Hi HN! I’m Peter, the co-founder of OpenMeter (
http://openmeter.io). We are building an open-source project to help engineers to meter and attribute AI and compute usage for billing and analytics use cases. Our GitHub is at
https://github.com/openmeterio/openmeter, and there’s a demo video here:
https://www.loom.com/share/bc1cfa1b7ed94e65bd3a82f9f0334d04.
Why? Companies are increasingly adopting usage-based pricing models, requiring accurate metering. In addition, many SaaS products are expected to offer AI capabilities. To effectively cover costs and stay profitable, these companies must meter AI usage and attribute it to their customers.

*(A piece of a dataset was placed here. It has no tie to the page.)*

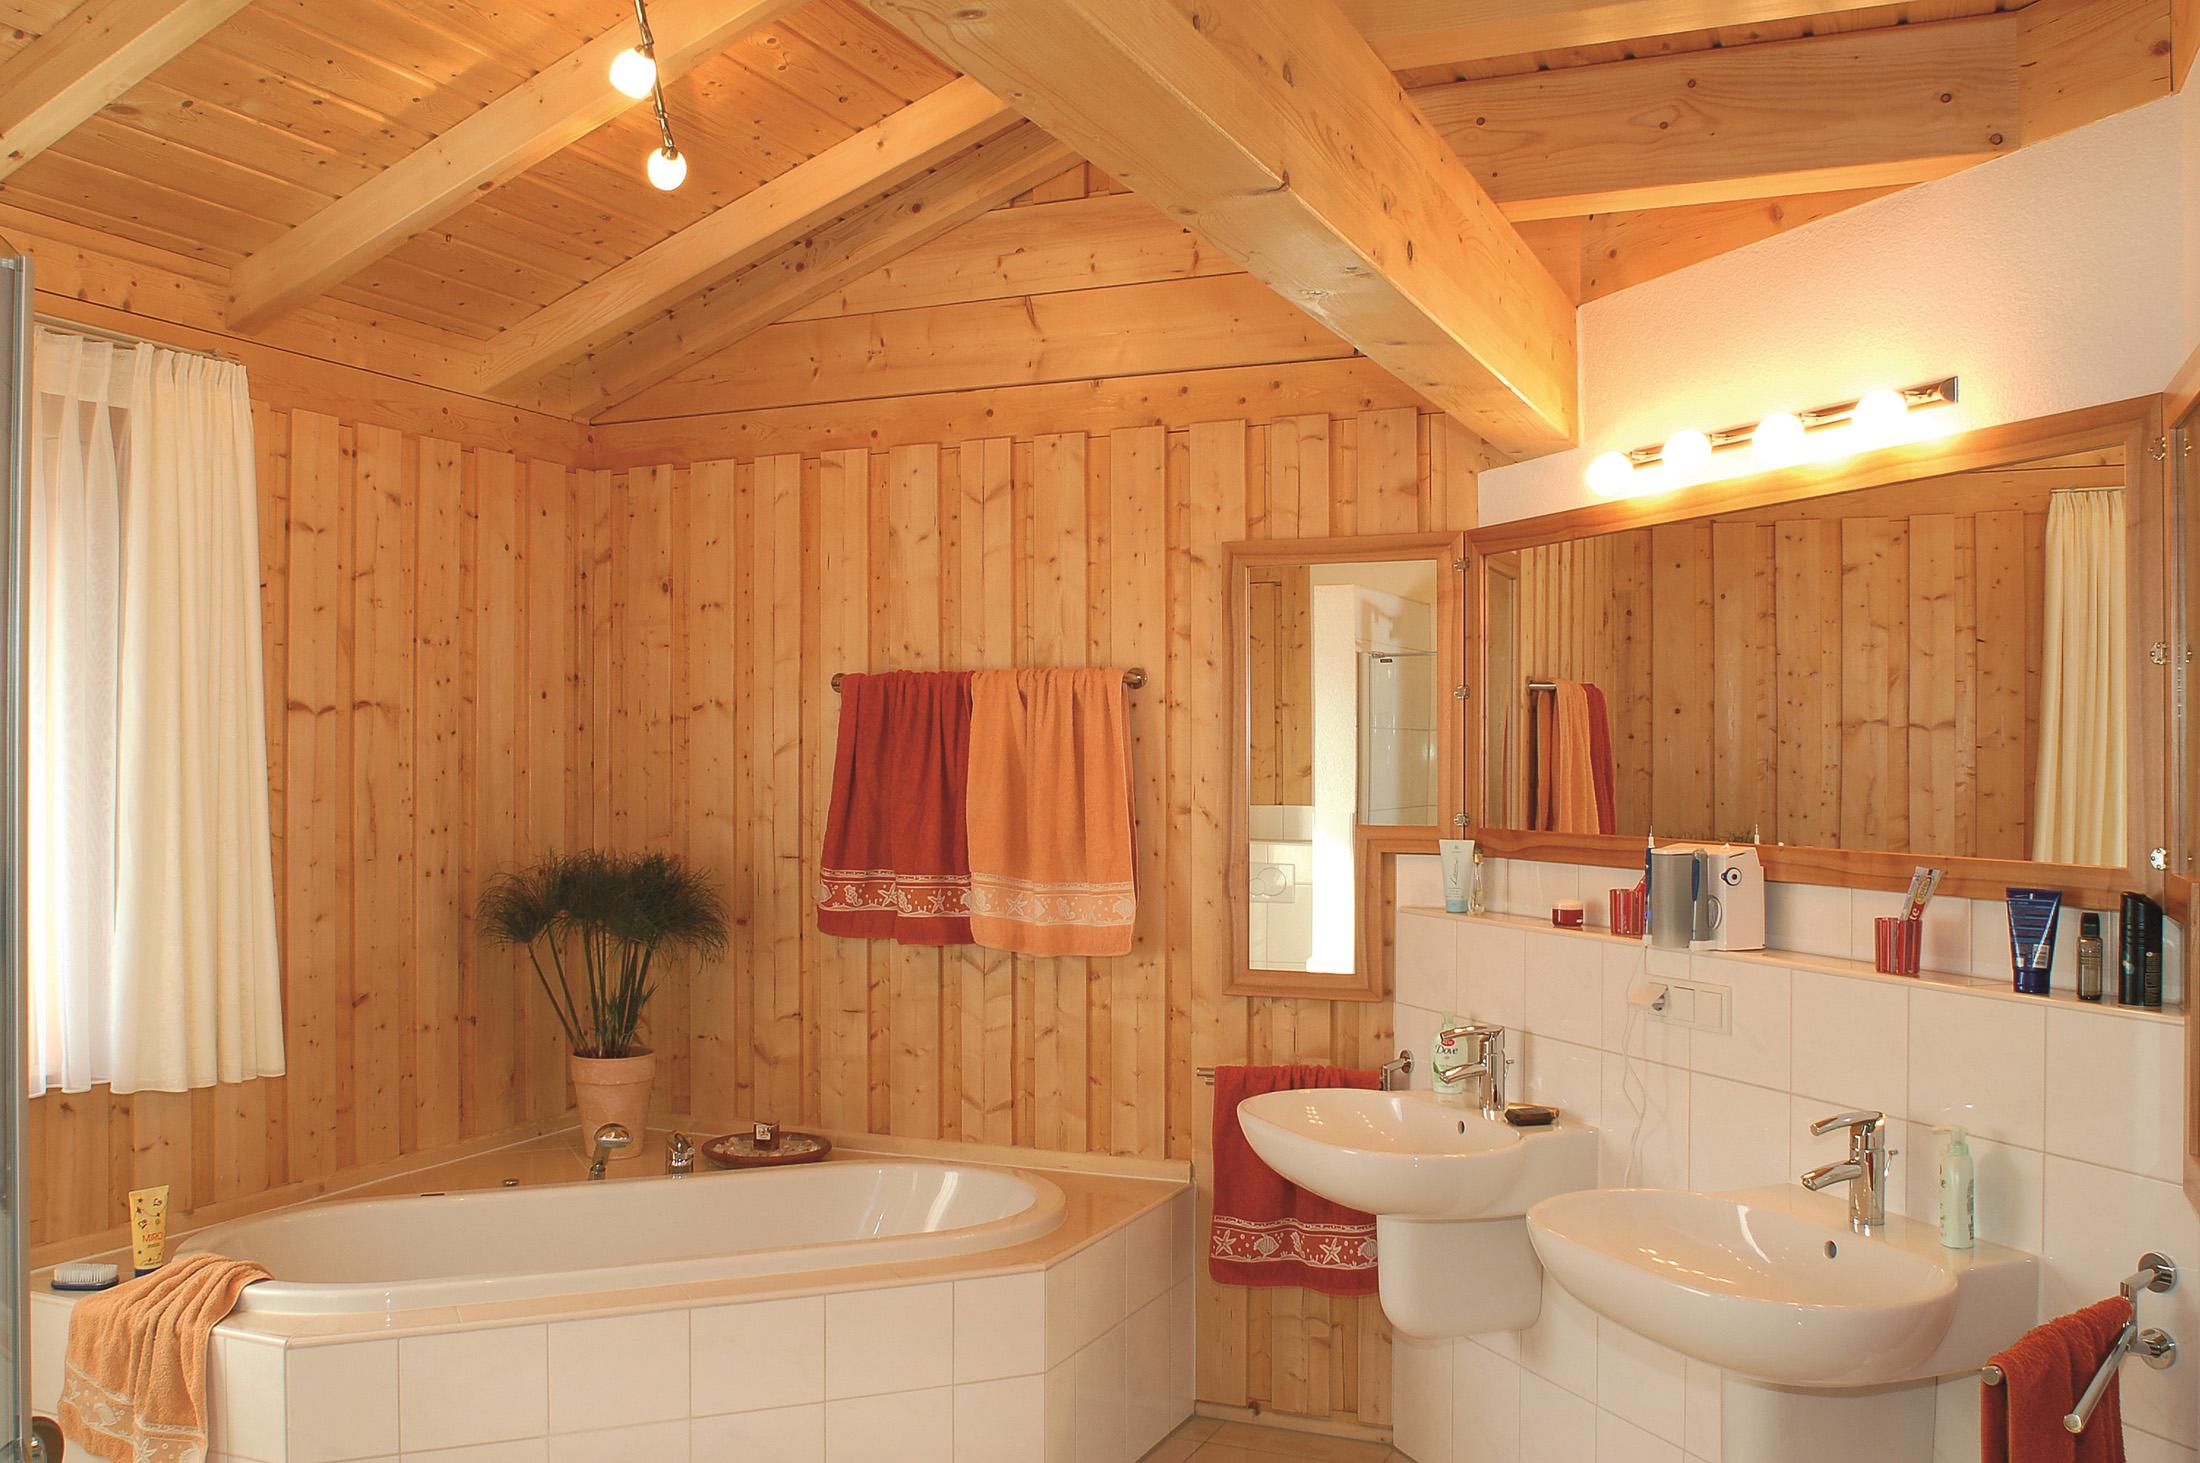 Holzverkleidung im Bad #badezimmerspiegel #spiegel #holzpaneel #deckenverkleidung #hölzernebadverkleidung ©Stommel Haus

When I worked at Stripe, my job was to price and attribute database usage to product teams. You can think about it like internal usage-based pricing to keep teams accountable and the business in the margins. This was when I realized that it’s challenging to extract usage data from various cloud infrastructure components (execution time, bytes stored, query complexity, backup size, etc.), meter it accurately, and handle failure scenarios like backfills and meter resets. I was frustrated that no standard exists to meter cloud infrastructure, and we had to do this on our own.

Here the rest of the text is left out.